**** Information provided

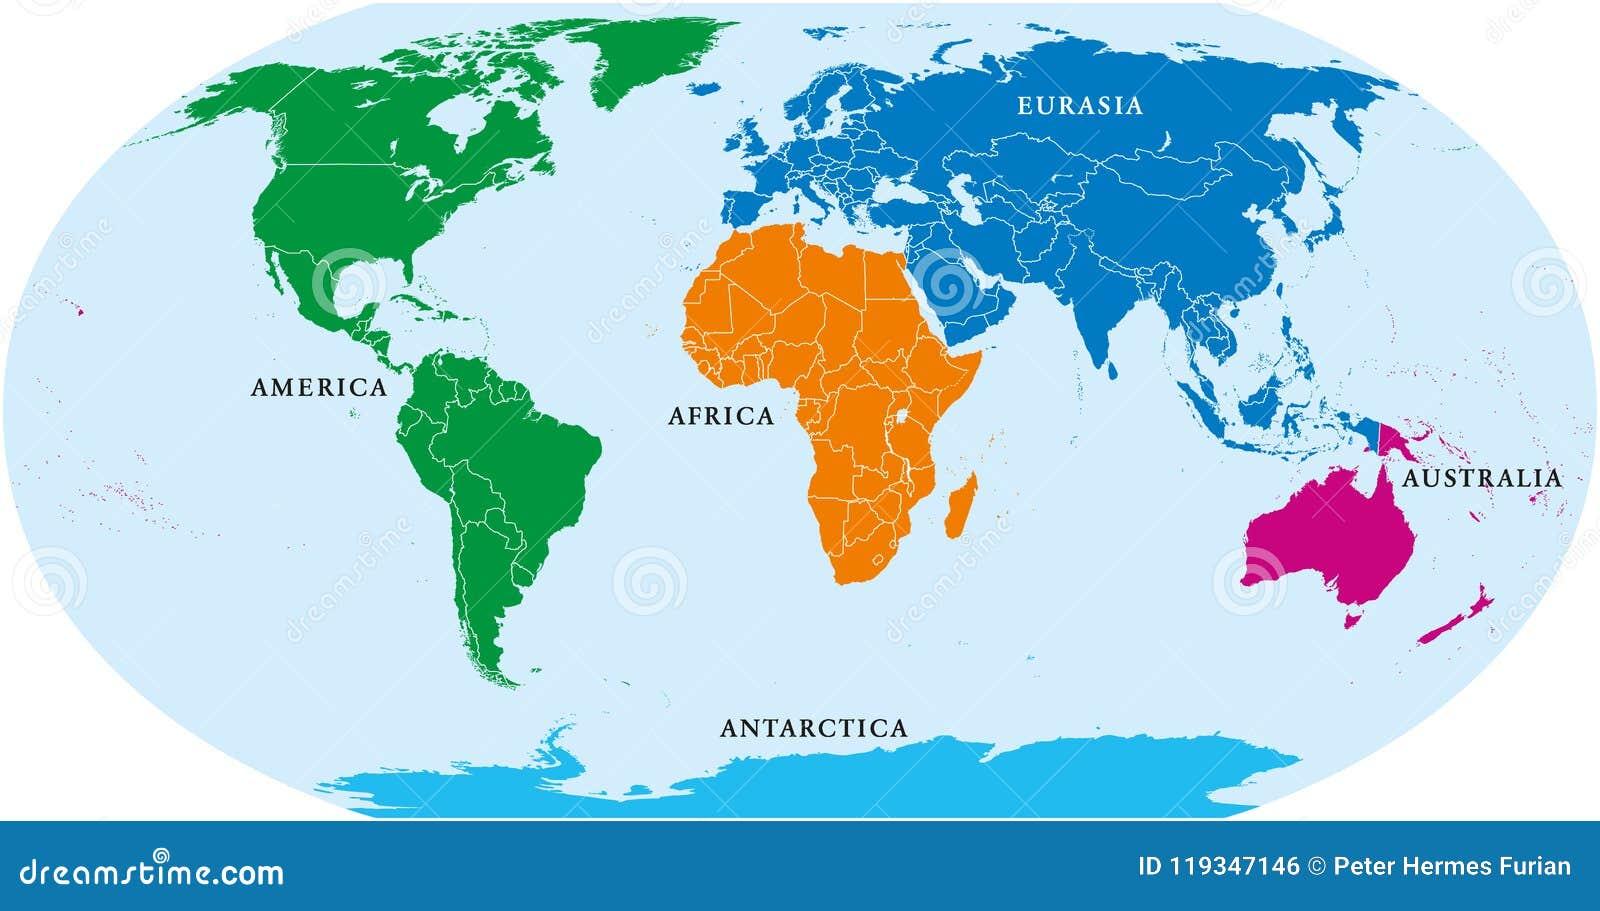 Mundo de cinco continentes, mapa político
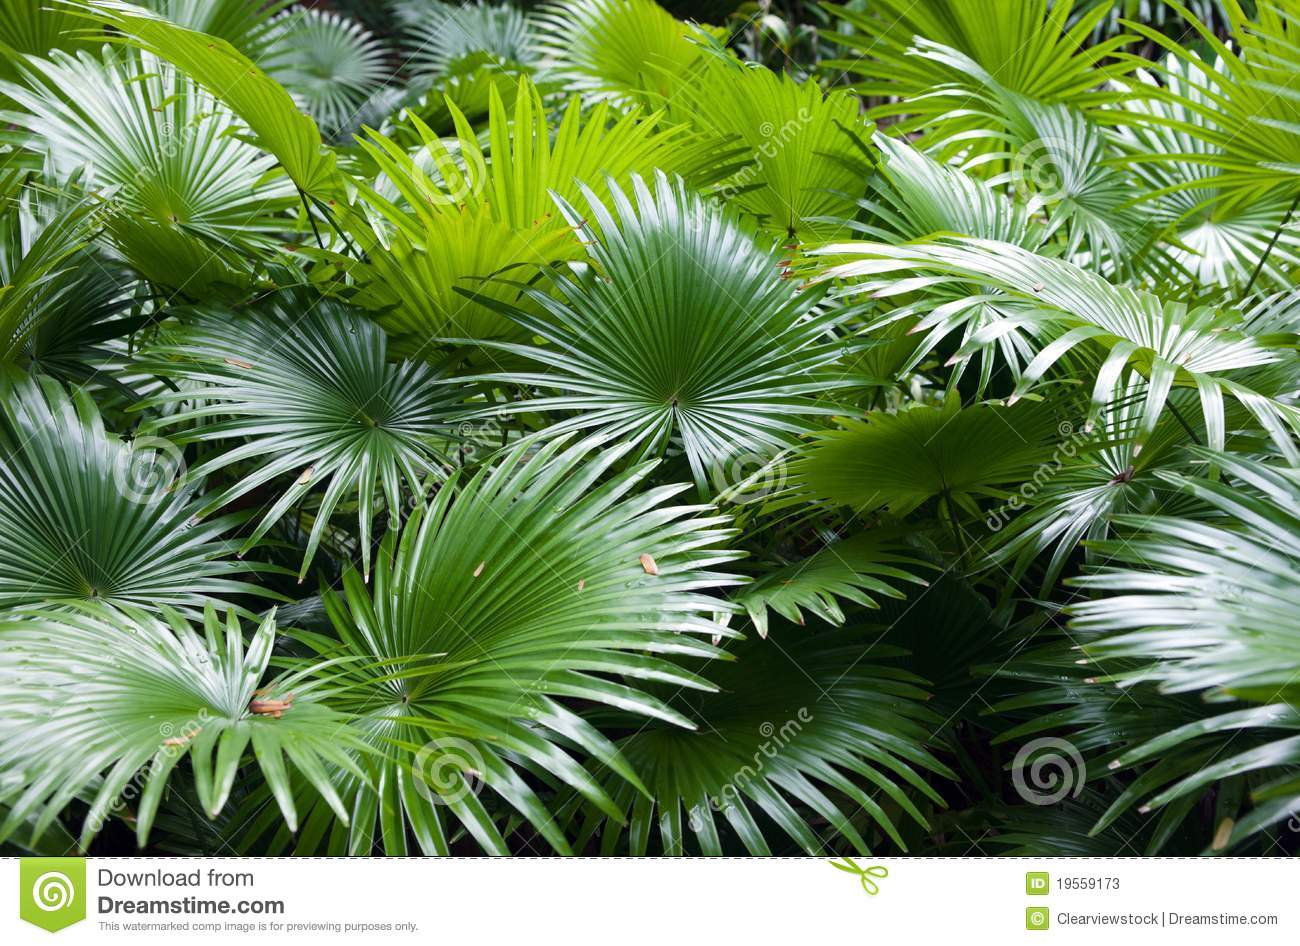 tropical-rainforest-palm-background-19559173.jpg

********
**** Information provided

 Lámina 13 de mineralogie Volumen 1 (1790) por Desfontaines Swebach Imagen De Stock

********

### Your task
Copy needed, without pictures: the lines of the listing above from the line containing "Mundo de cinco continentes, mapa político" up to and including the line containing "tropical-rainforest-palm-background-19559173.jpg", set down exactly.

### Response area
 Mundo de cinco continentes, mapa político
 tropical-rainforest-palm-background-19559173.jpg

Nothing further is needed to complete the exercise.